* [DATA]
━━━━━━━━
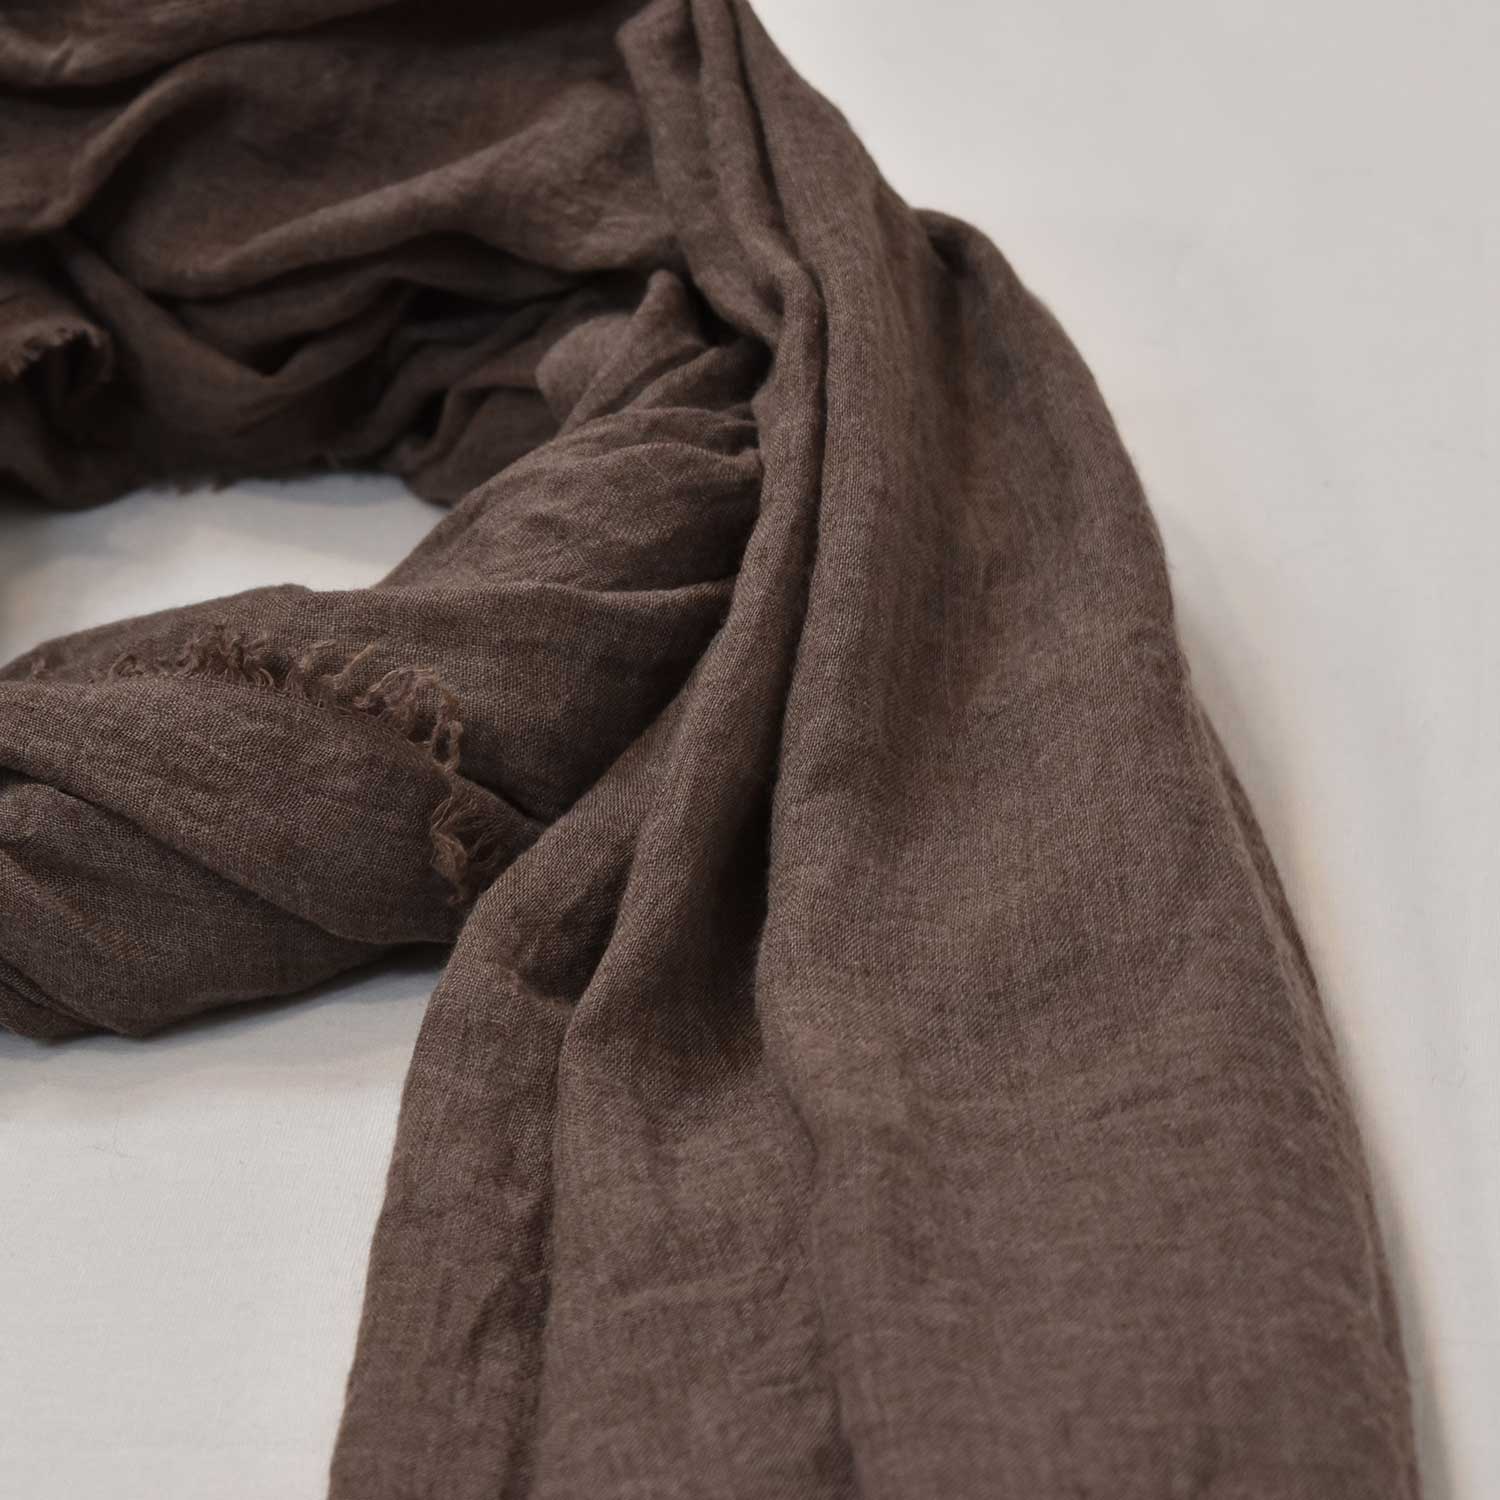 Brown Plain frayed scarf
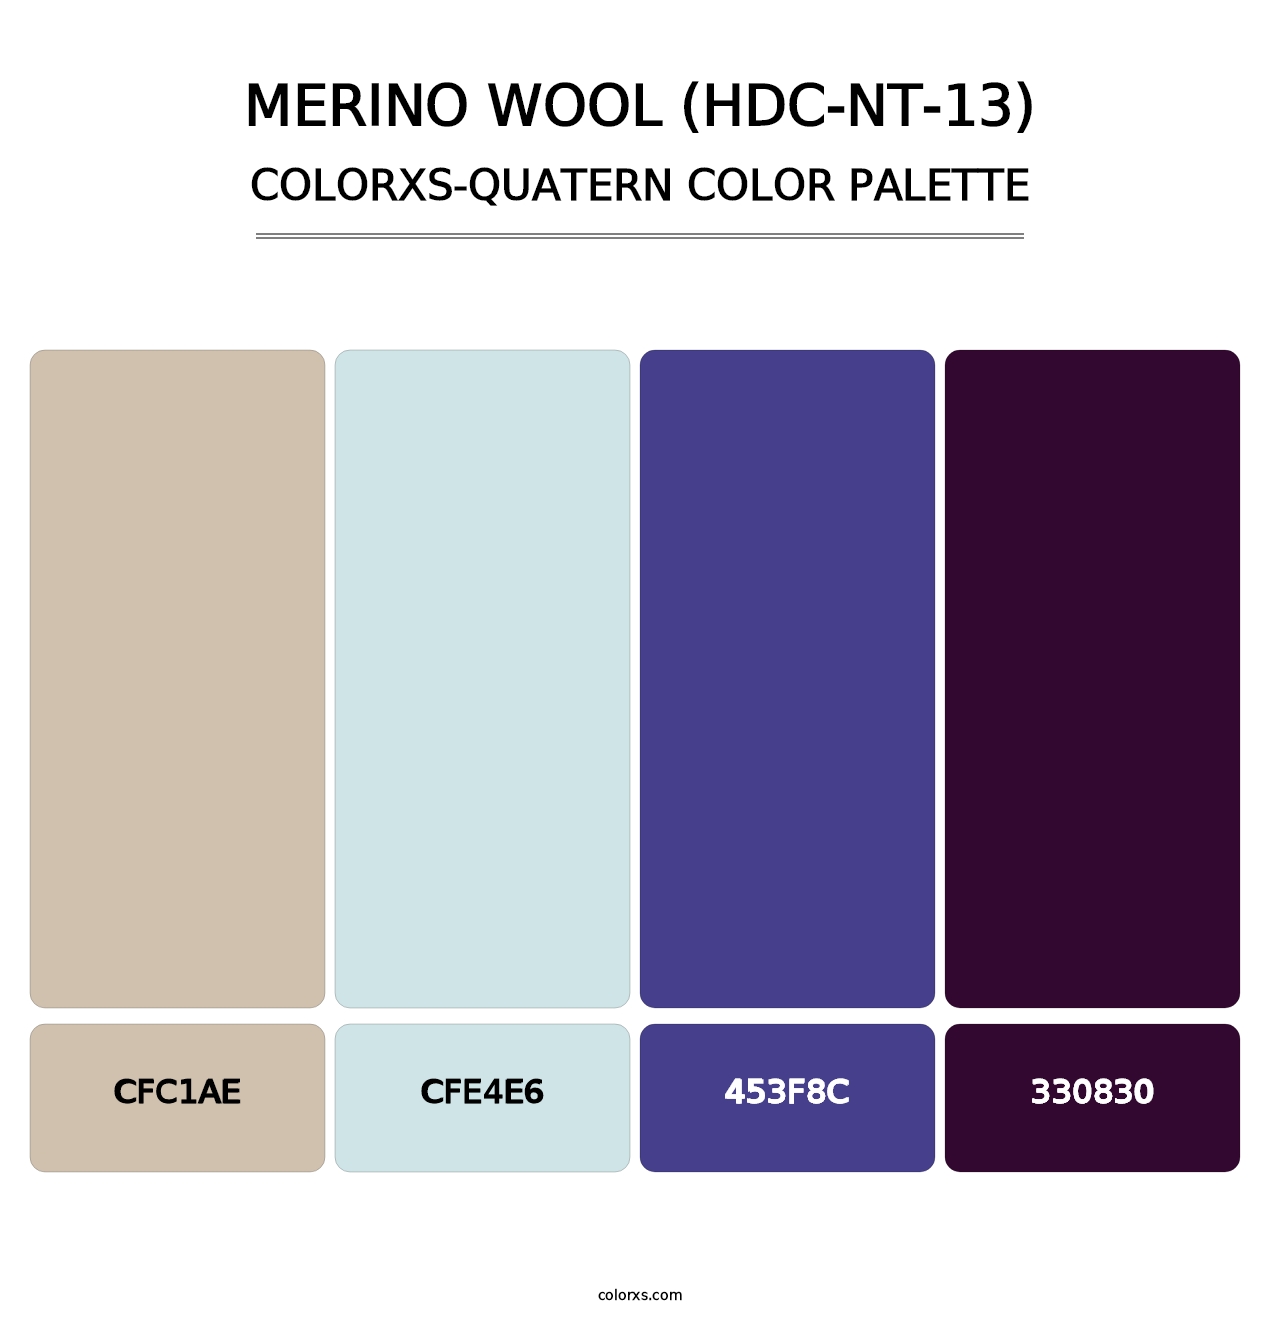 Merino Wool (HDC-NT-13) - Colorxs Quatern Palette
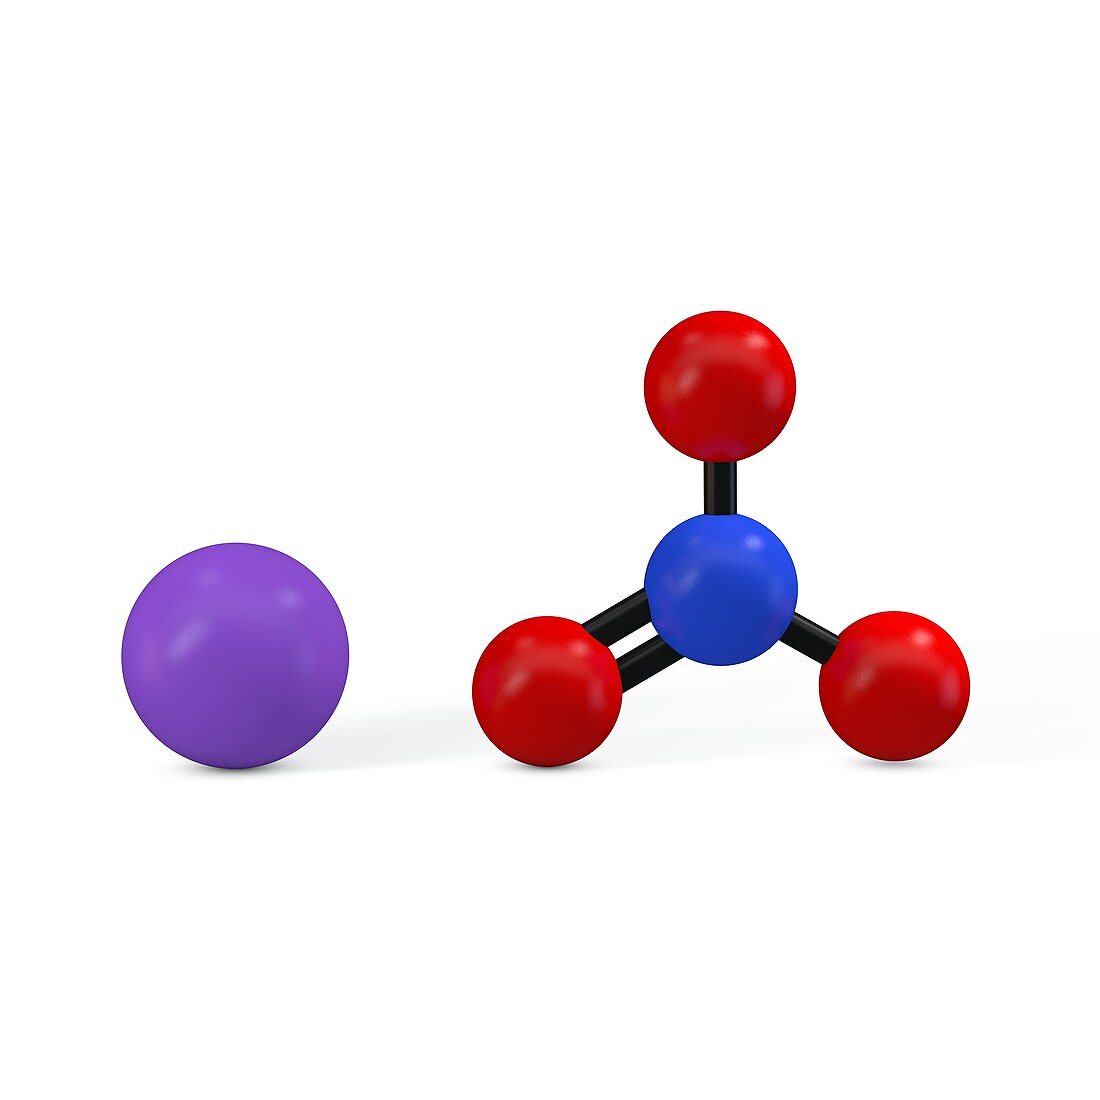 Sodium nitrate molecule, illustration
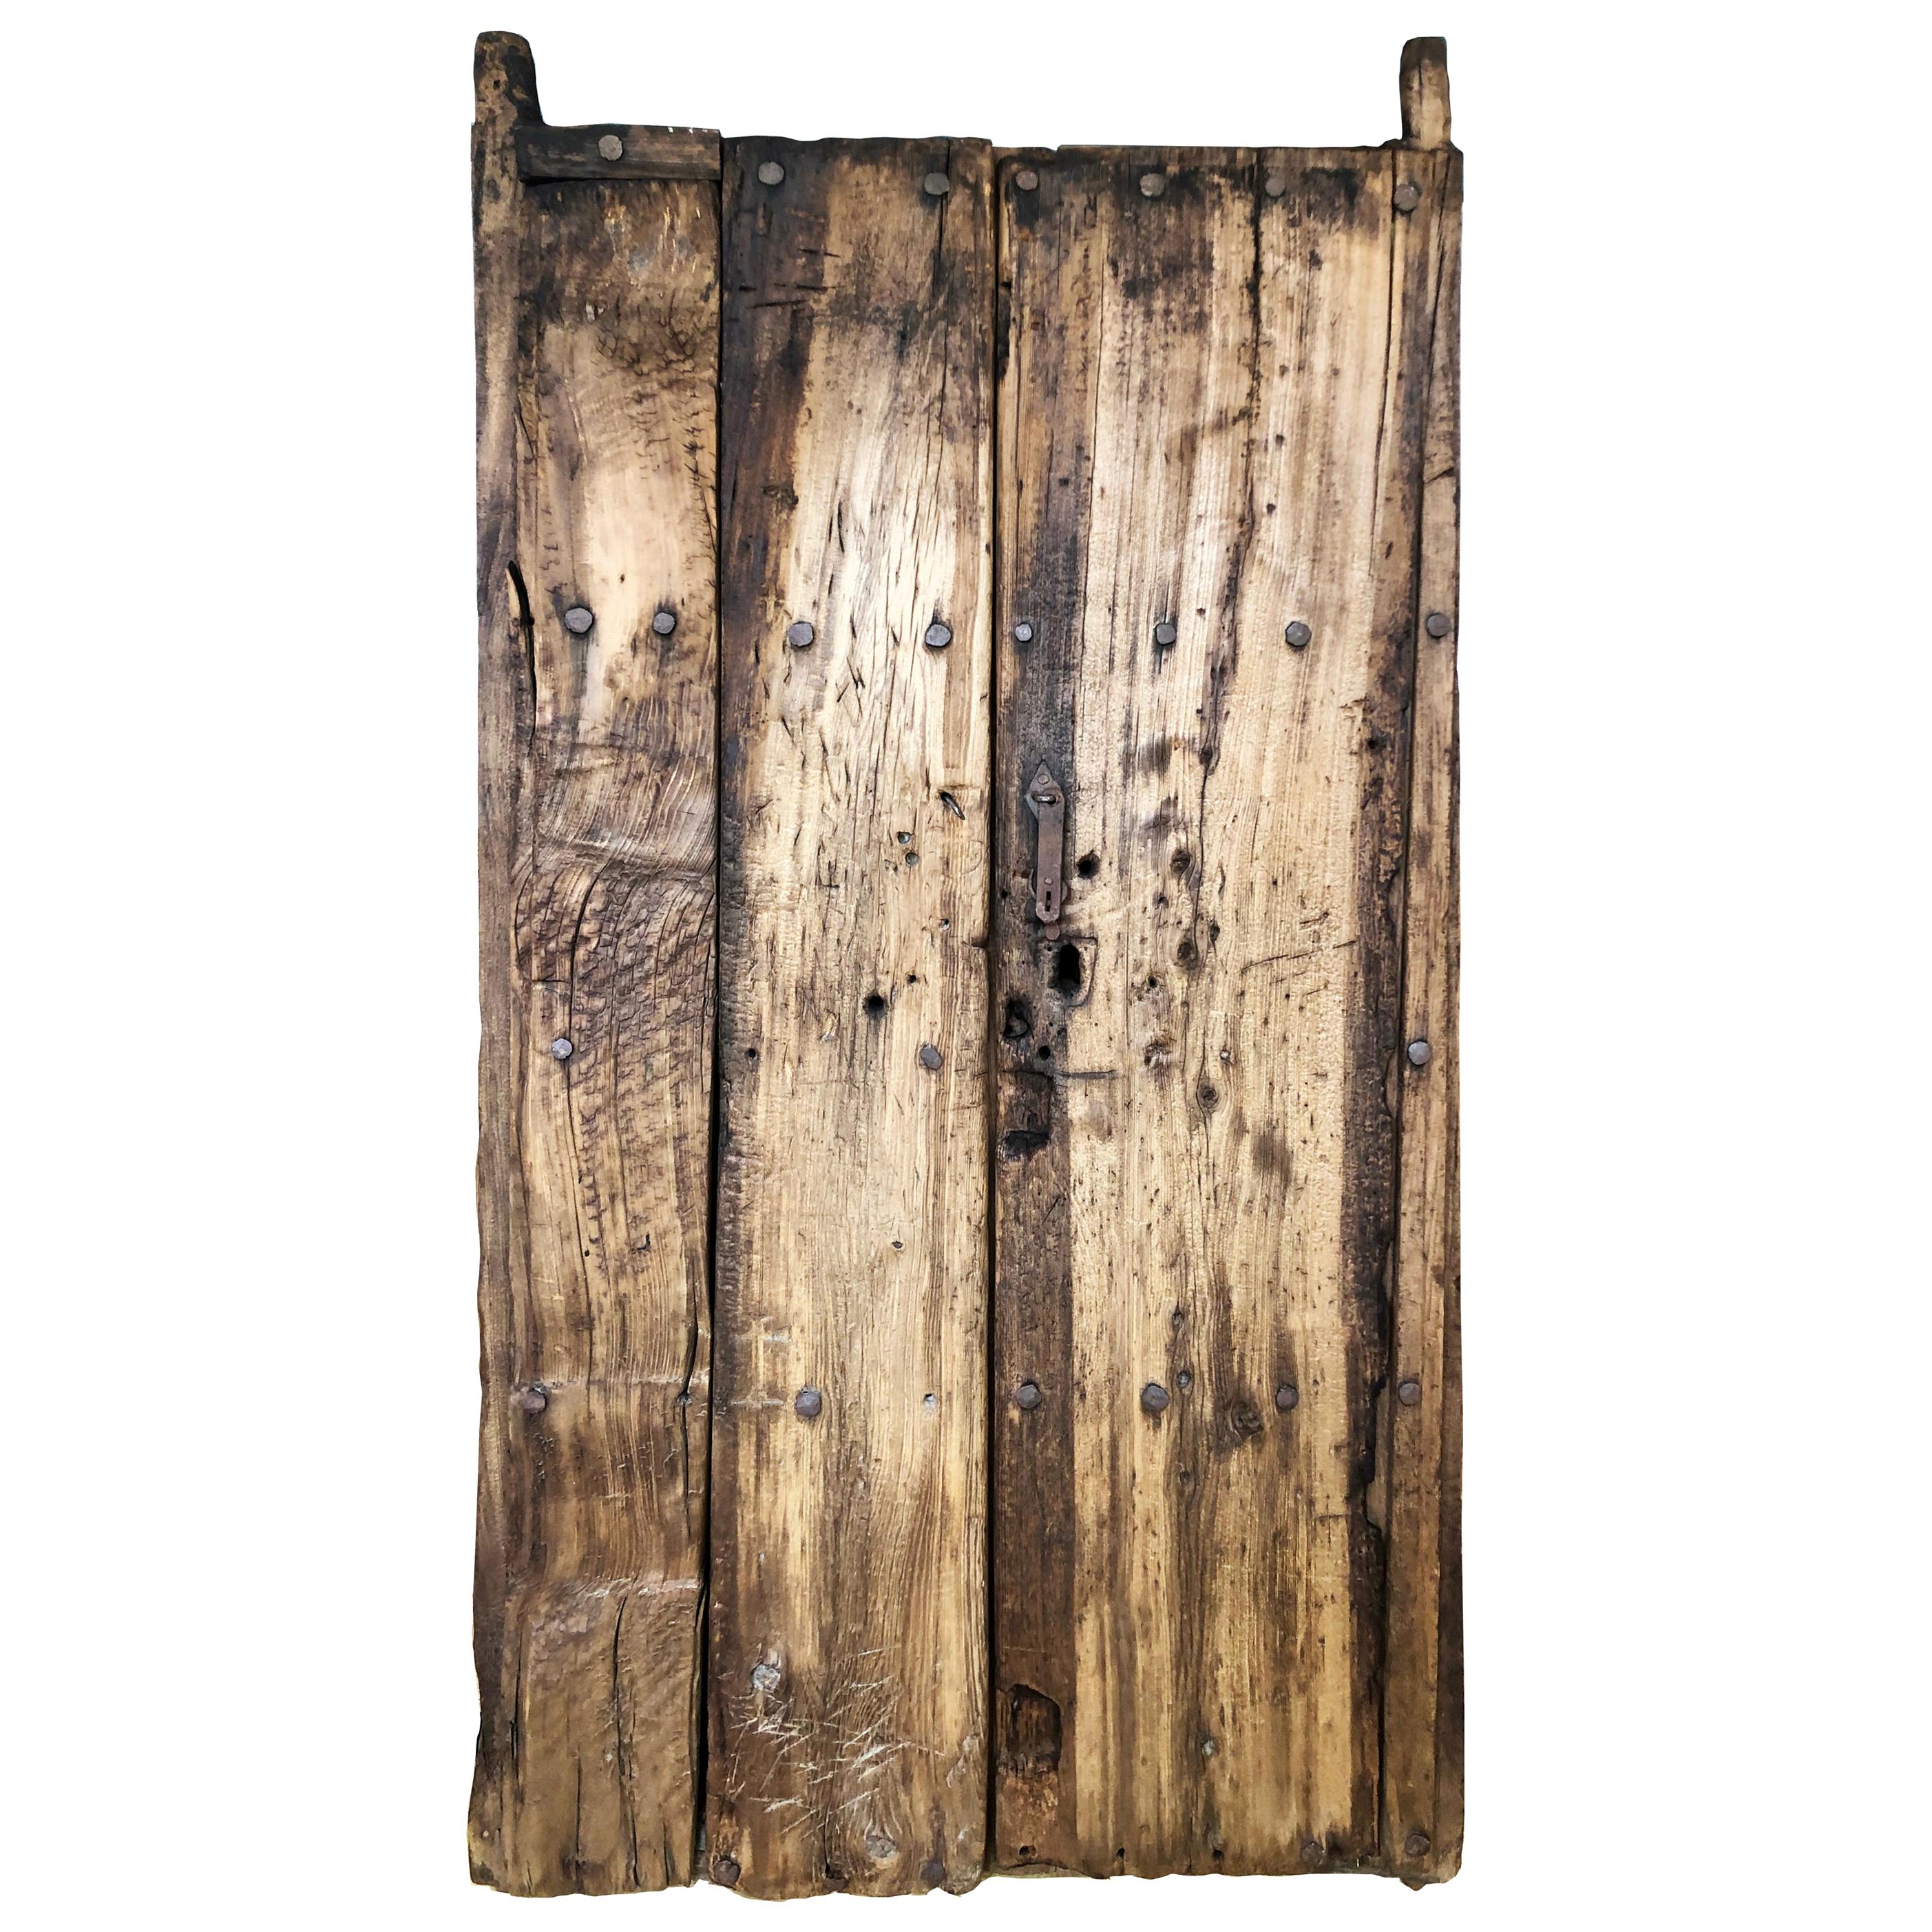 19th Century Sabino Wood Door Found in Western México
━━━━━━━━
* [TASK TO CARRY OUT] Give back all the data exactly, minus pictures.

* [ANSWER TO THIS TASK]
 Brown Plain frayed scarf
 Merino Wool (HDC-NT-13) - Colorxs Quatern Palette
 Sodium nitrate molecule, illustration
 19th Century Sabino Wood Door Found in Western México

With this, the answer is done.